Mendadak saya takut semua hilang begitu saja. Apa yang sudah ada pada anak-anak ini, belum menetap. Satu dua tahun belajar satu arah saja akan mengikis semua kemampuan yang mereka bisa. Saya tidak mau! Saya takut kehilangan semua yang saya lihat dan dengar dari mereka. Mereka pasti bisa bertahan dan mungkin memiliki nilai rapor yang baik di sekolah manapun yang mereka masuki. Mungkin mereka perlu waktu untuk beradaptasi, tapi mereka akan segera berhasil memenuhi norma-norma lingkungannya. Bukan itu yang saya takutkan.


Maka dalam satu perjalanan pulang, saya ceritakan kekhawatiran saya pada The Great Alexander. Ia mendengarkan saya dengan seksama, tersenyum-senyum lalu menertawakan saya.

"Tahu tidak, kamu melihat mereka seperti barang-barang milikmu."

"Masa?"

"Ya. Terserah mereka, apakah mereka tetap mau jadi seperti ini sepanjang hidup mereka atau mendadak ganti haluan dan membuang semuanya lalu memakai cara yang baru. Itu bukan urusanmu. Urusanmu adalah mengajar mereka sekarang. "

Saya diam. Dia benar. Tugas saya adalah mengembangkan semua potensi dan bekal mereka untuk belajar apa saja semau mereka kelak. Apakah mereka akan membuang semua yang saya berikan karena tidak sesuai lagi dengan diri mereka kelak, itu bukan urusan saya.

Waktu saya bersama mereka adalah sekarang, bukan besok atau lusa.
Besok dan lusa adalah milik mereka. Saya tidak bisa mengganggu gugat itu dengan mimpi-mimpi atau selera saya.

Sulit ya, untuk tidak merasa memiliki.

Wednesday, September 05, 2007

Cepat!

Adinda lari menerjang pintu perpustakaan dan memanggil-manggil saya saat saya sedang membuka komputer perpustakaan.

“Ibu, ibu!
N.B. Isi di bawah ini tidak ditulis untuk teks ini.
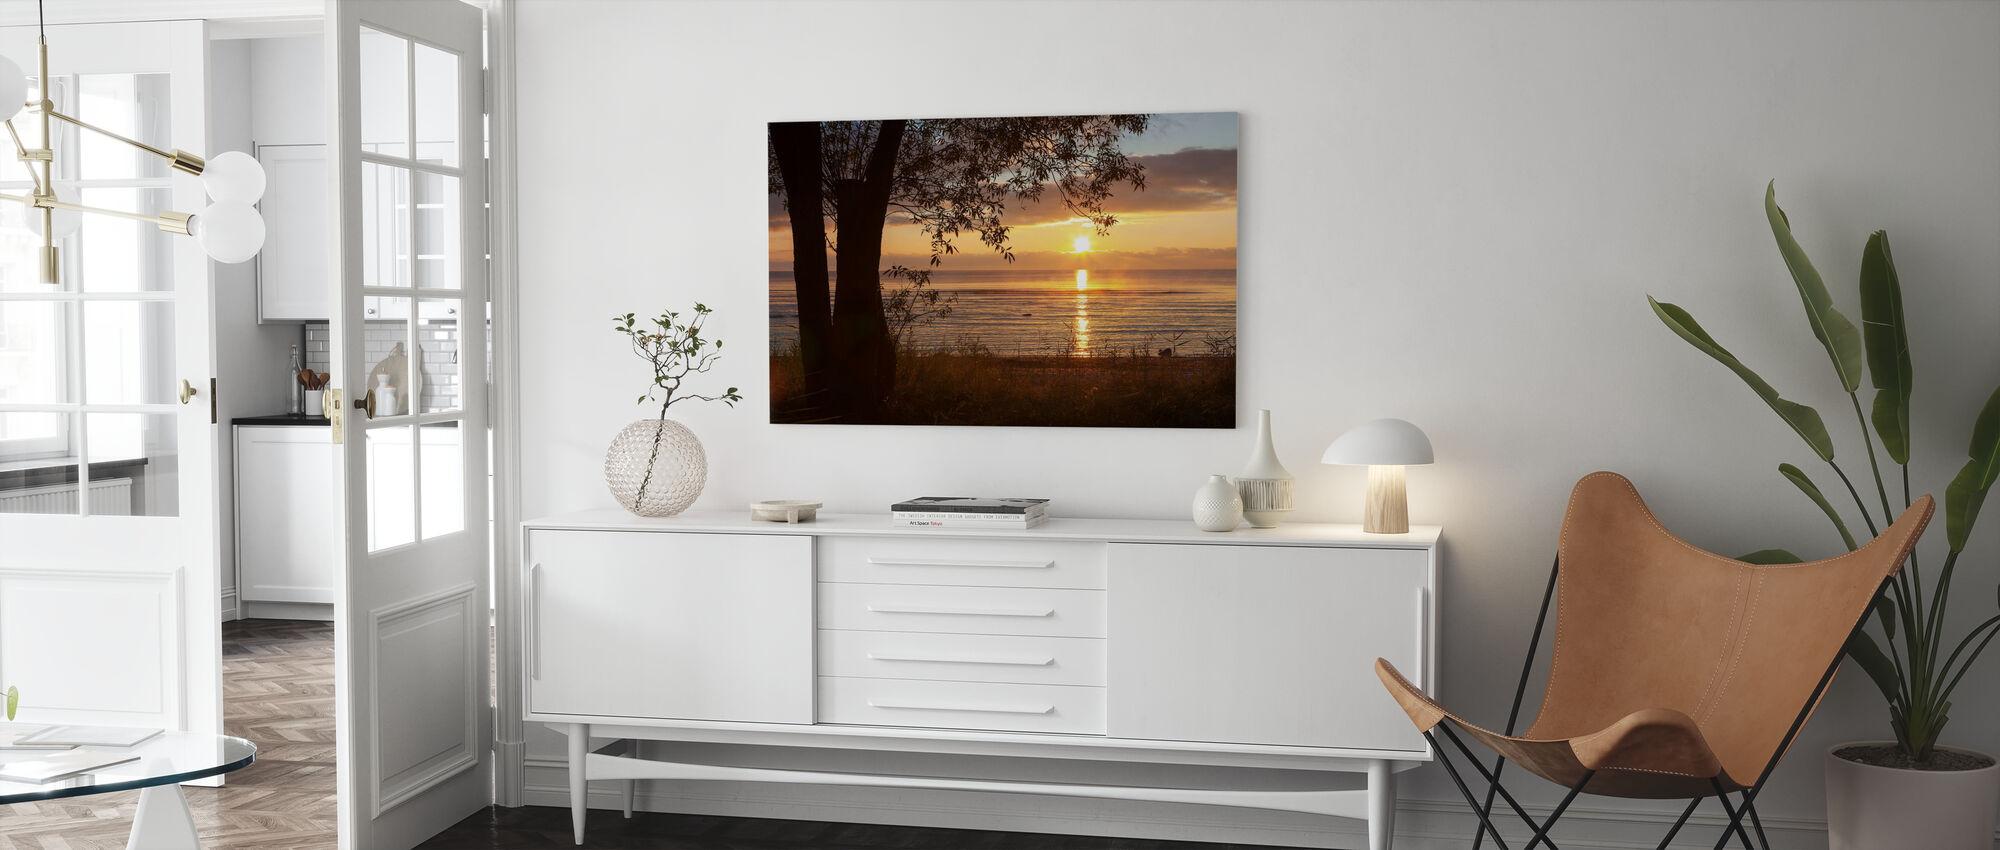 Yellow Sun over the Gotland Sea - Canvas print - Living Room

Ibu lihat Bu Fafa tidak.” Wajahnya terburu-buru sekali.

“Tidak, belum datang sepertinya.” Saya melirik ke jam dinding, jarum jam baru menunjukkan angka 7.15 pagi.

“Bu, sini deh, cepat.. !”

Adinda sudah berlari menuruni tangga dengan suara gedebak gedebuk.

Ada apa ya? Saya jadi ikut berlari menuruni tangga.
Riri sudah menunggu di bawah tangga dan memberi tanda agar saya cepat mengikutinya.

Adinda merunduk di dekat pot tanaman jeruk limau.

“Lihat!Ada kupu-kupu baru keluar dari kepompong. Itu sisa kepompongnya.”

Di balik rimbun daun saya melihat kupu-kupu dengan sayap putih bertotol cokelat dan semburat kuning. Cantik sekali.

“Nah, ini ada satu kepompong lagi, tapi belum menetas.”

Riri menambahkan, “Berarti sebelumnya di sini banyak ulat bulu, ya? Aku kok tidak memperhatikan.”

Setelah beberapa minggu berkutat dengan tenggat waktu, pagi ini saya merasa keterburu-buruan saya mengikuti Adinda sungguh berharga. Ya, kupu-kupu yang baru keluar dari kepompongnya di pagi hari, tidak bisa menunggu kita terlalu lama untuk dinikmati, bukan?


Sunday, September 02, 2007

Mempertanyakan Hidup

Bagi saya anak-anak yang sehat dan gembira di ruang kelas adalah anak-anak yang mau bertanya. Dulu, di kelas-kelas awal, saya menikmati kepolosan pertanyaan anak-anak dan masih bisa menjawab dengan mudah.

Di kelas lima, saya sempat khawatir anak-anak sudah kehilangan kesenangan untuk belajar (berarti memahami hal-hal baru) karena mereka sudah mengenal konsep belajar sebagai mengulang materi supaya dapat nilai bagus.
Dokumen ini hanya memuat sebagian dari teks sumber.